* DATASET EXTRACT:

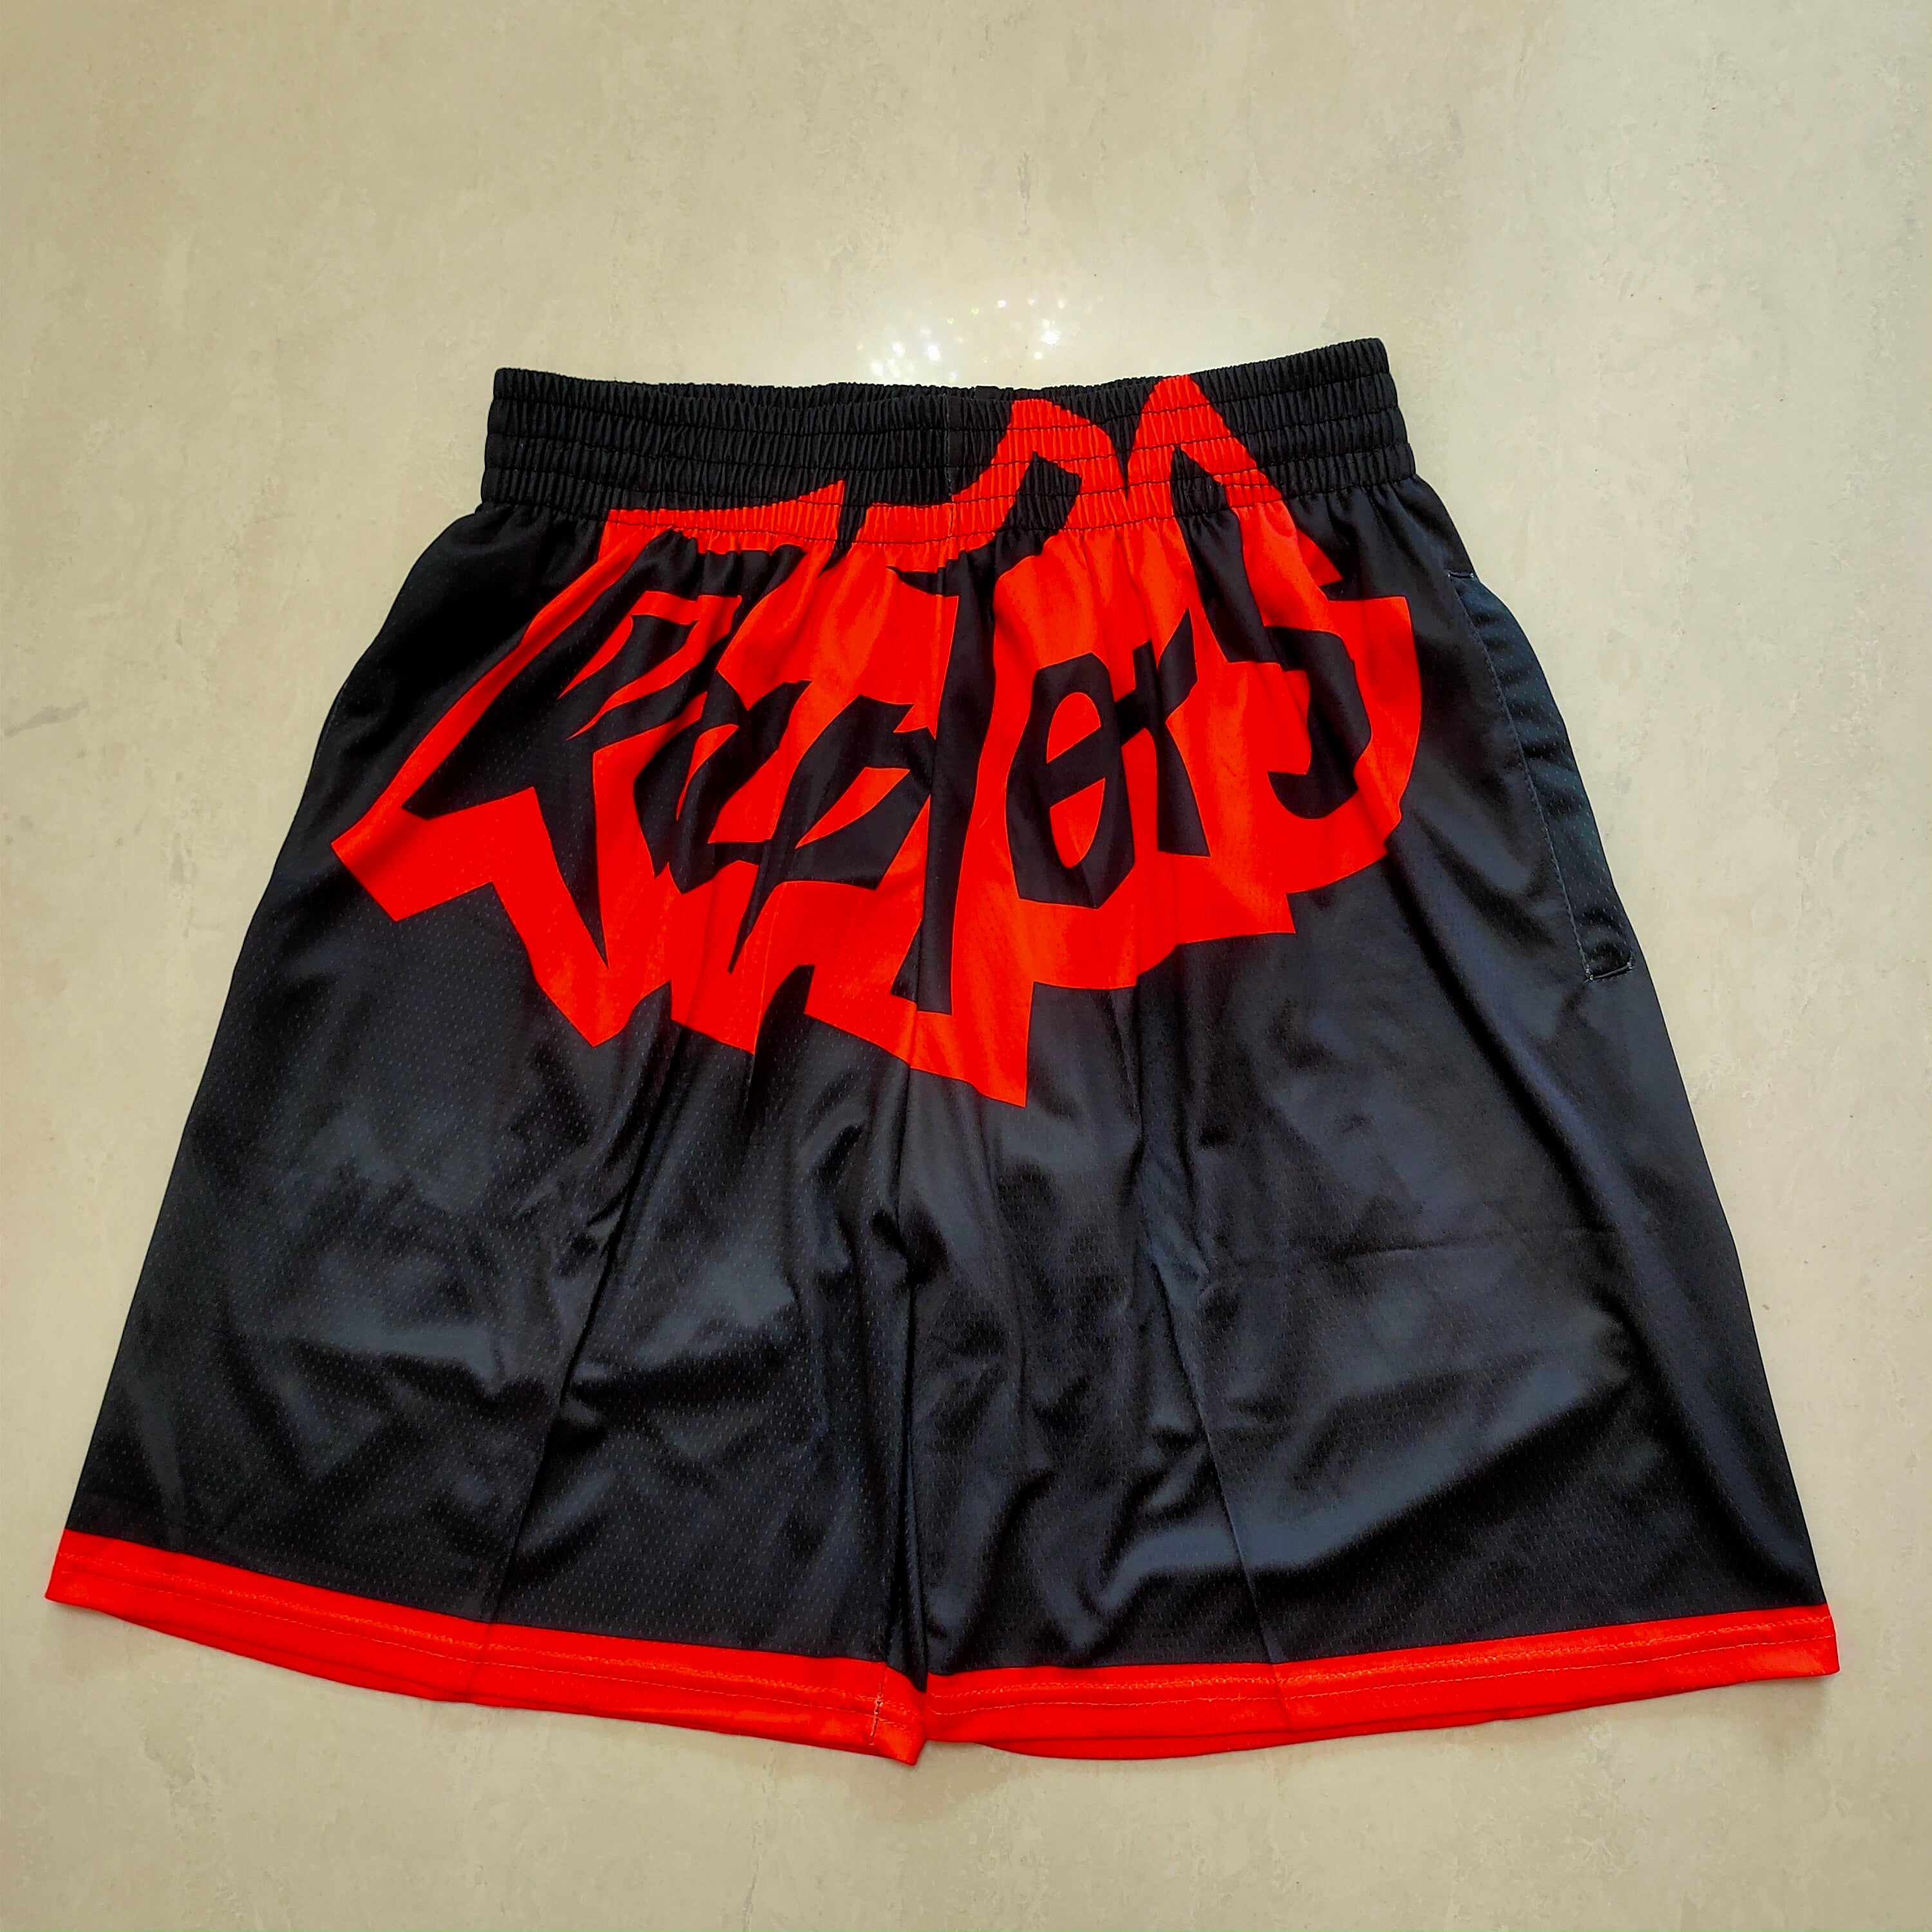 Raptors red and black shorts
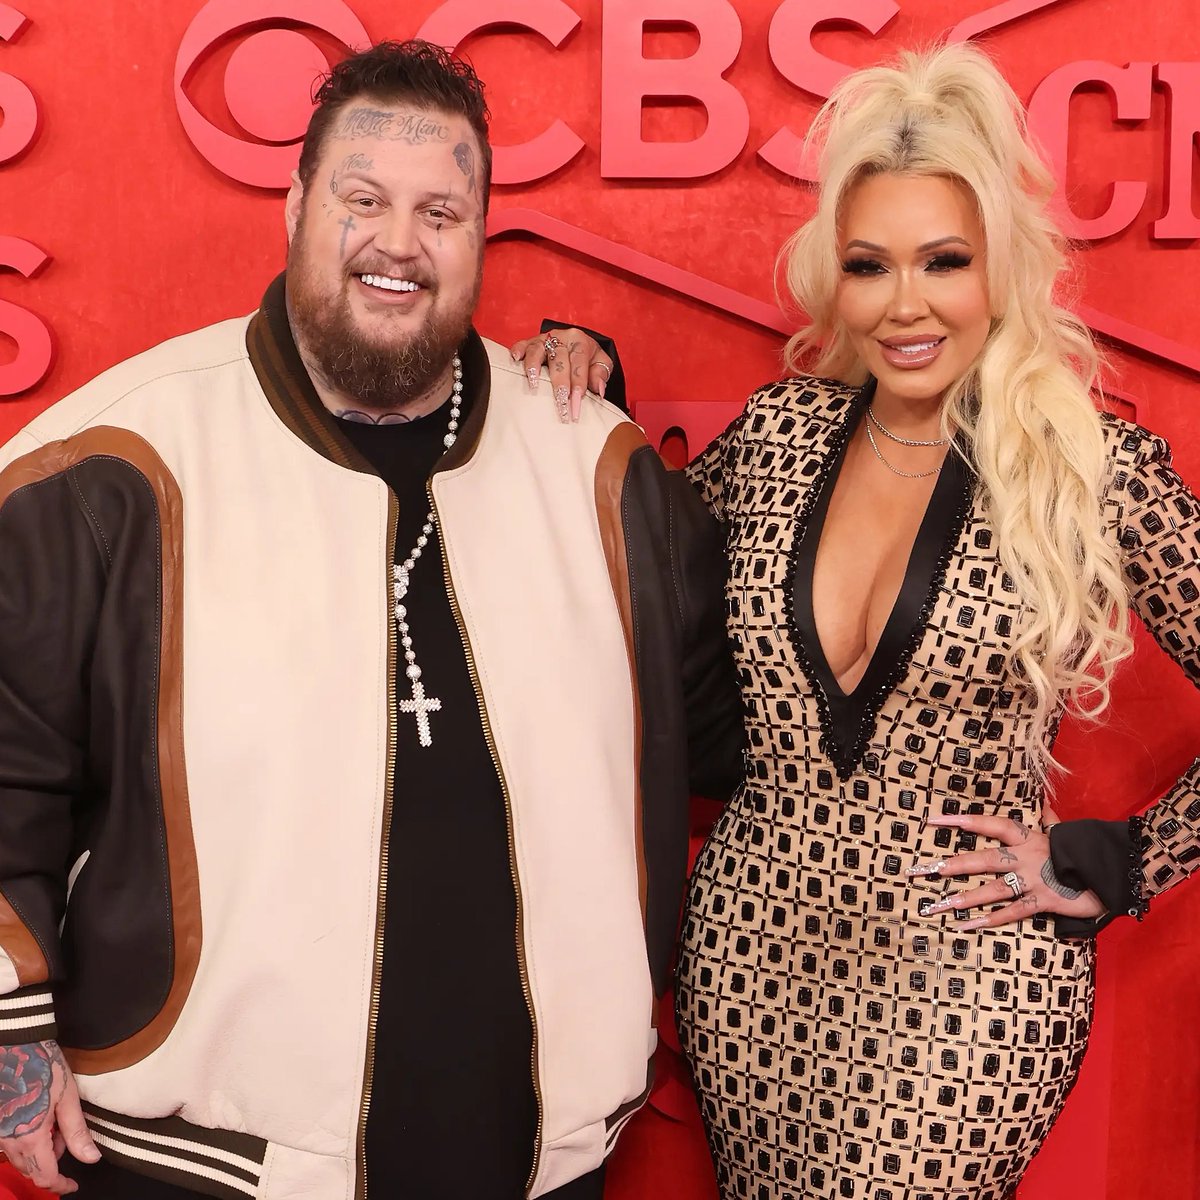 Bunnie Xo, Jelly Roll's wife, says the singer has taken time away from the internet due to negative comments about his weight.

'My husband got off the internet because he is so tired of being bullied about his f*cking weight.'
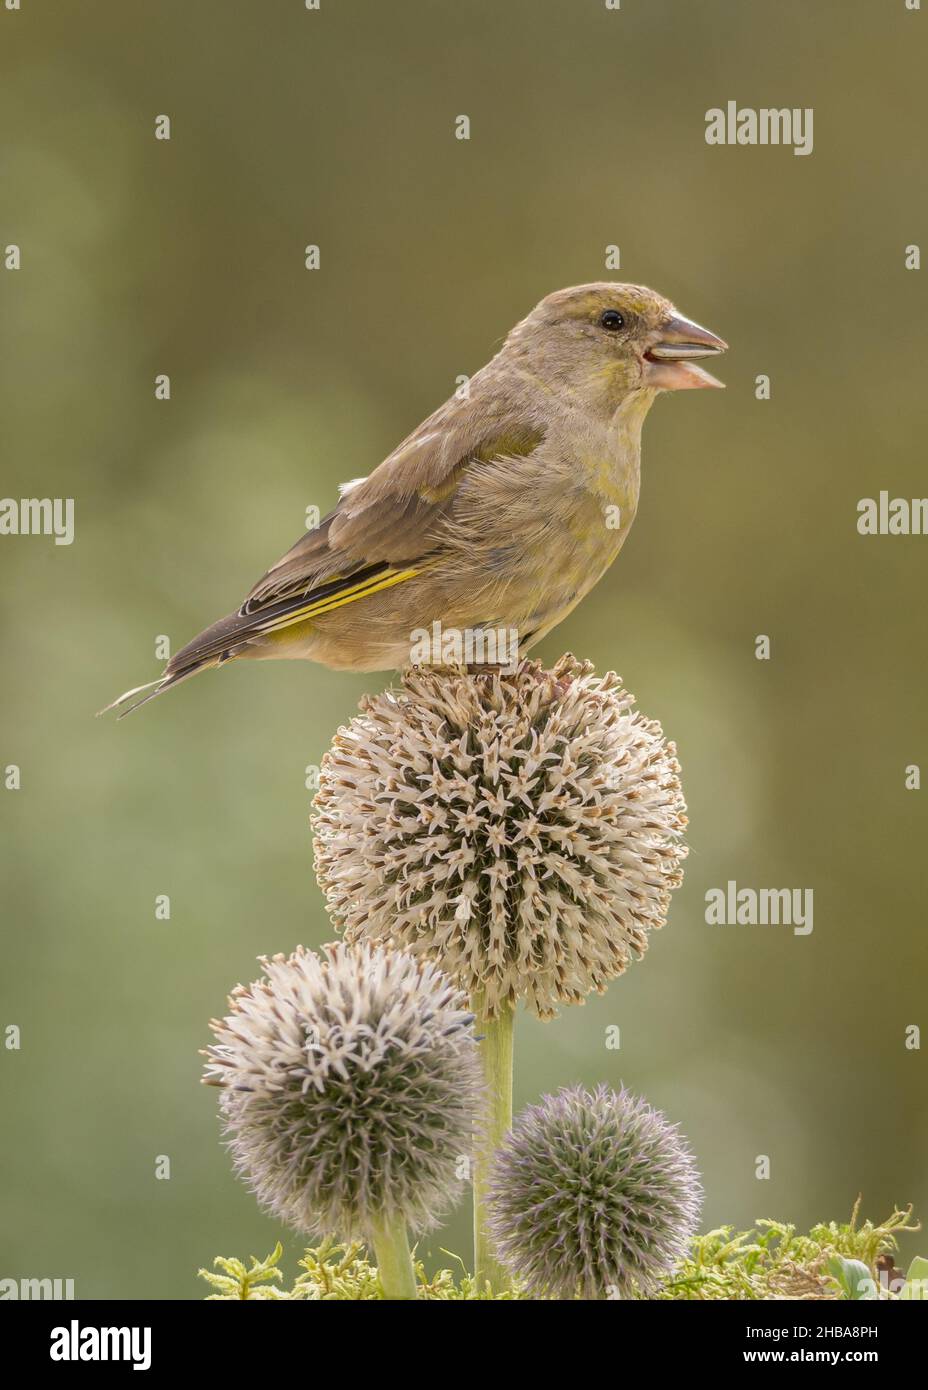 greenfinch is standing on a flower with a seed in mouth Stock Photo
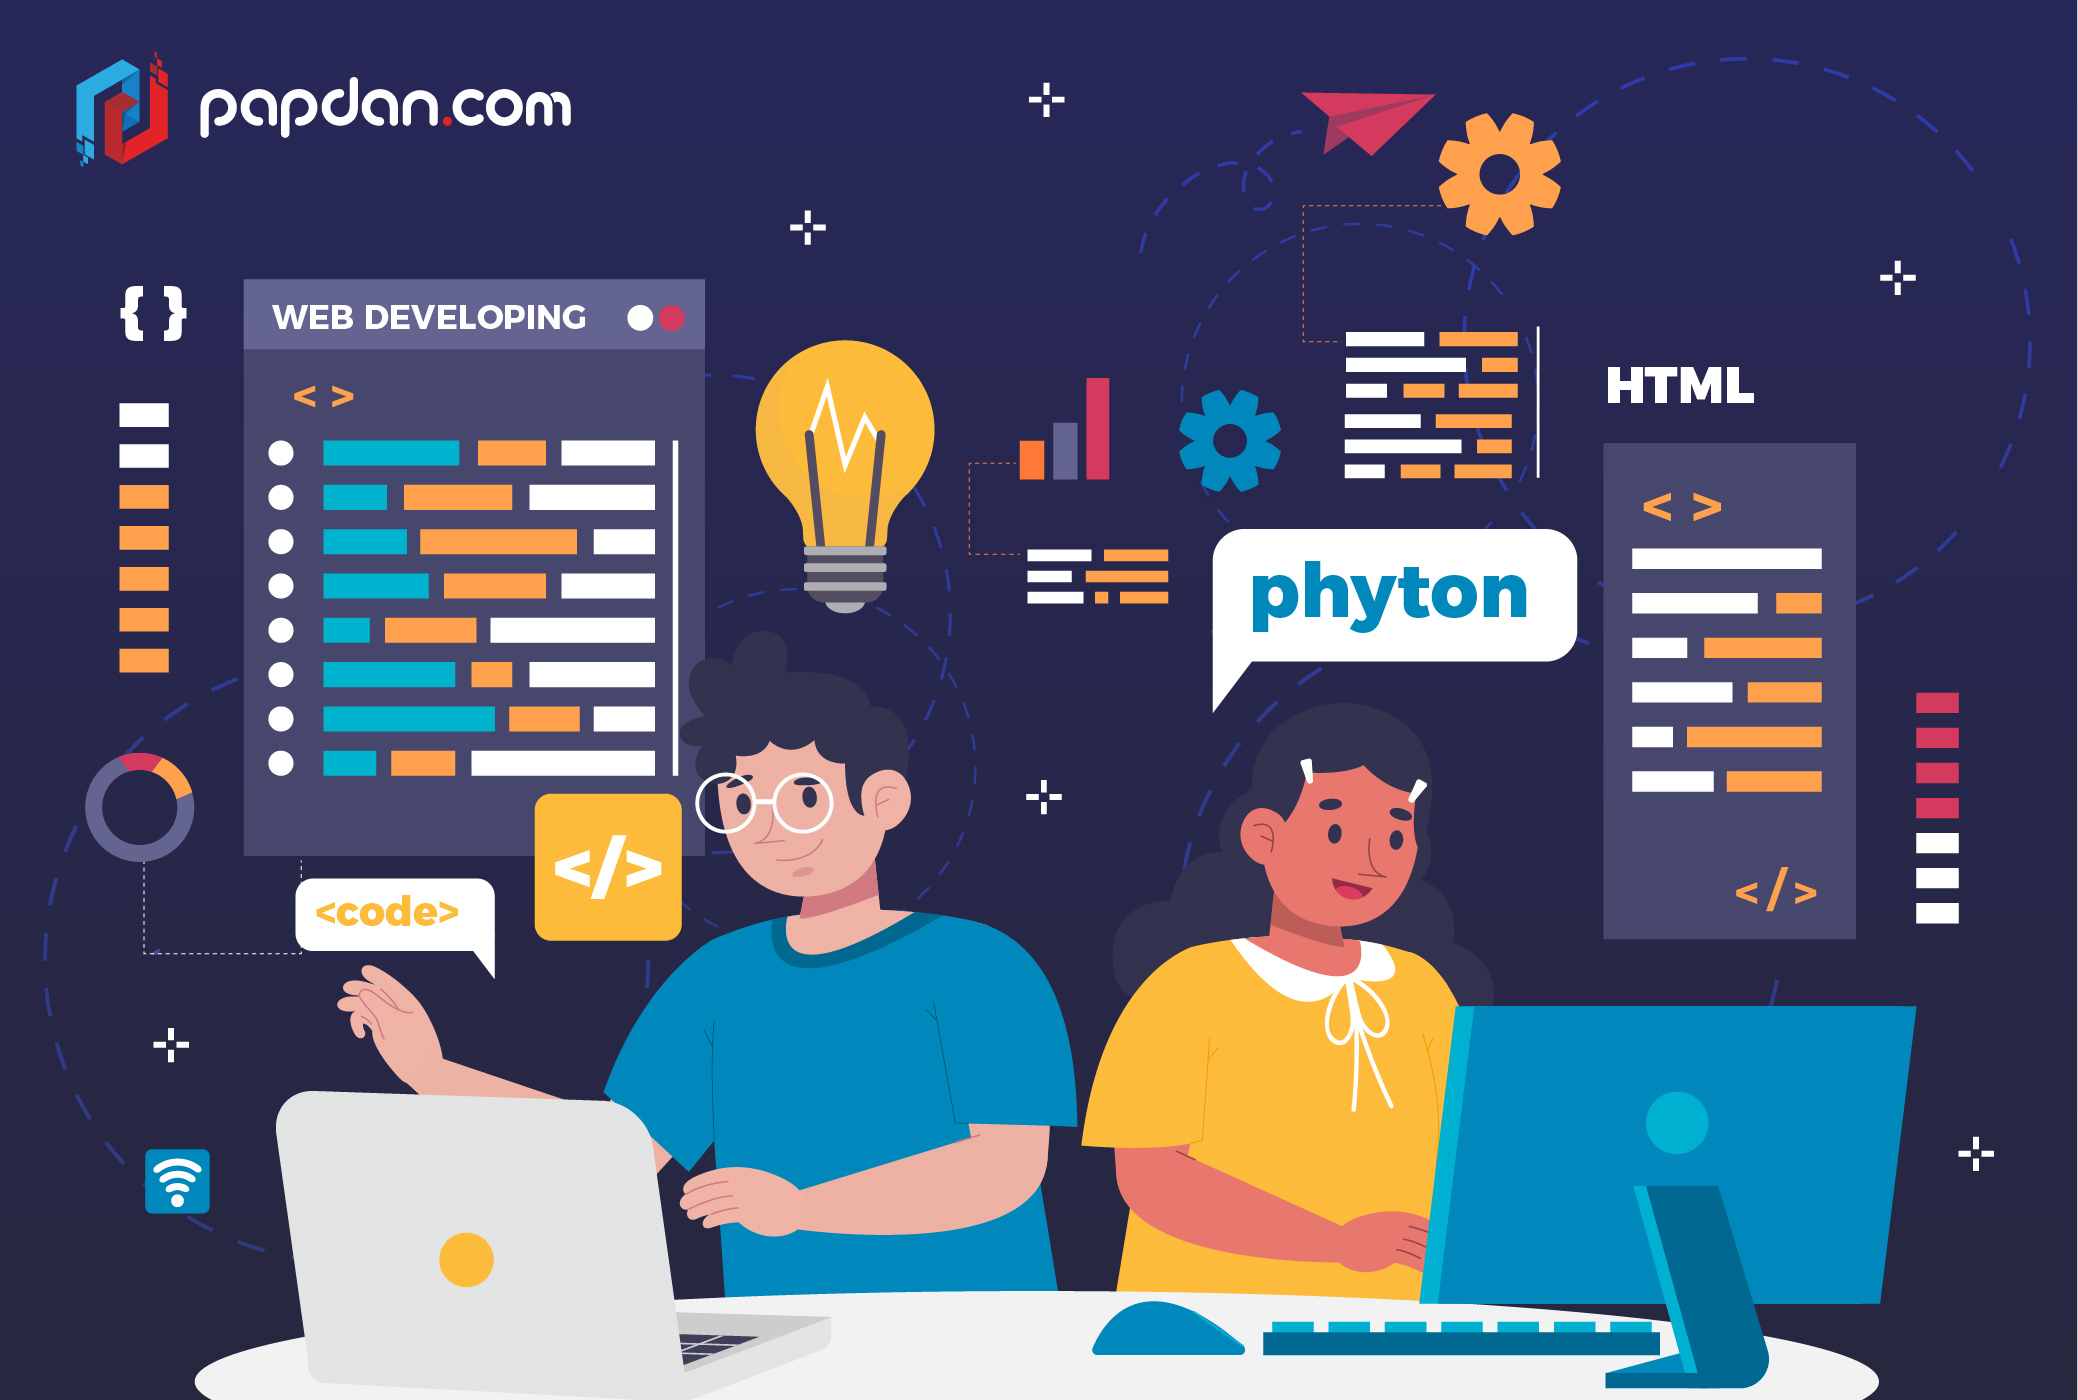 Doubting Python? These 3 Reasons Will Change Your Mind!

* REQUIRED ACTION: All records, pictures excluded: copy them exactly.

* RESPONSE TO THE TASK:
 Raptors red and black shorts
 Bunnie Xo, Jelly Roll's wife, says the singer has taken time away from the internet due to negative comments about his weight.

'My husband got off the internet because he is so tired of being bullied about his f*cking weight.'
 greenfinch is standing on a flower with a seed in mouth Stock Photo
 Doubting Python? These 3 Reasons Will Change Your Mind!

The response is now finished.